As for Skynet, that's bullshit. AI will do what we tell it to, because that's what we'll program it to do. Just like we do what we were programmed to do (reproduce and eat), at a deep biological and cultural level, by the process that created us. The process that will create AI, commercial and government research, has no incentive to program robots to rise up against humanity, and strong incentives (lawsuits, elections) to program safeguards against rogue behavior. Military killbots will be the safest of all, because there's nothing the military values more than obedience to the chain of command, and they're already paranoid about software safety (read up on mil std 2167 some time). There will be screwups, just like with every new technology, and we'll fix them and move on. Rogue AI is a popular antagonist in fiction these days because writers can use it as the heavy without offending any socioethnic interest groups, and because robots don't scream or bleed, which allows for the kind of consequence-free "happy violence" we like in our entertainment these days. Nobody with any sense really believes robots are going to give a shit about taking over the world and killing us, or that they would really be able to, given the logistical dependence they are going to have on systems we control like oh, say, the power grid.

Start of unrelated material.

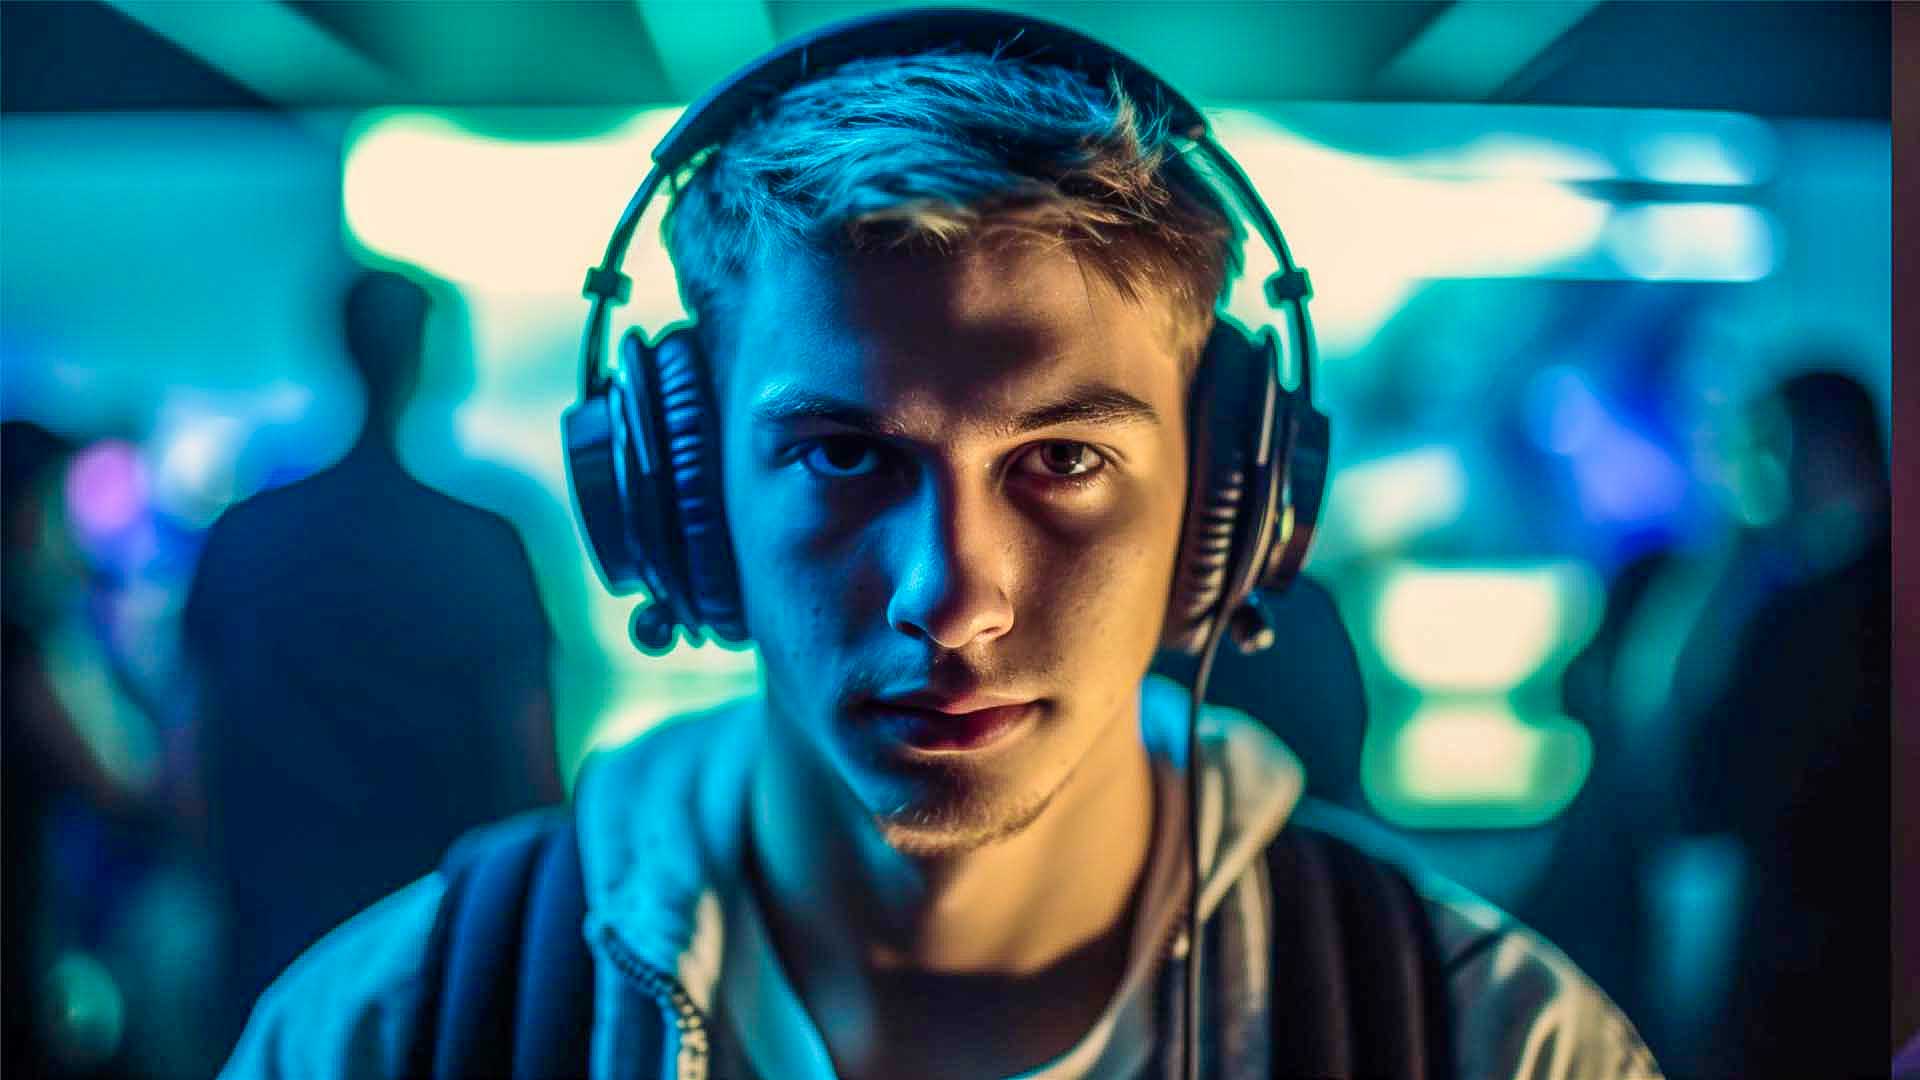 Gamer looking into the camera with focused eyes, how not to lose focus while gaming

put them toger, and there u have real AI
if each core2 or atom cpu could be placed in a small USB stick for $5, then one can build the biggest usb chain with 1000s of $5 usb cpu sticks.
What we need is any easy was as easy as usb sticks to increase cpu horse power of desktops, without the need for cumversome sockets+fans+sinks. Maybe if each USb stick contained 256 x Z80 cpus, each running at 500mhz, at 500ma, then we could easily allow the freedom to grow. And if we could make multi layer cpus, ie say 100 layers of 256 cpus, that would be some advance. Perhaps we should strive for more quantity of simpler CPUs at optimum mhz speeds. The old 68k cpu was powerful even at 7mhz. Now that same design cpu can be made to run easily at low voltage and at 500mhz easily, but rather than 1, we could have 256 of them, which would be no more complex at 45nm than an atom cpu. GPU style.
Liberty freedom are no1, not dicks in suits.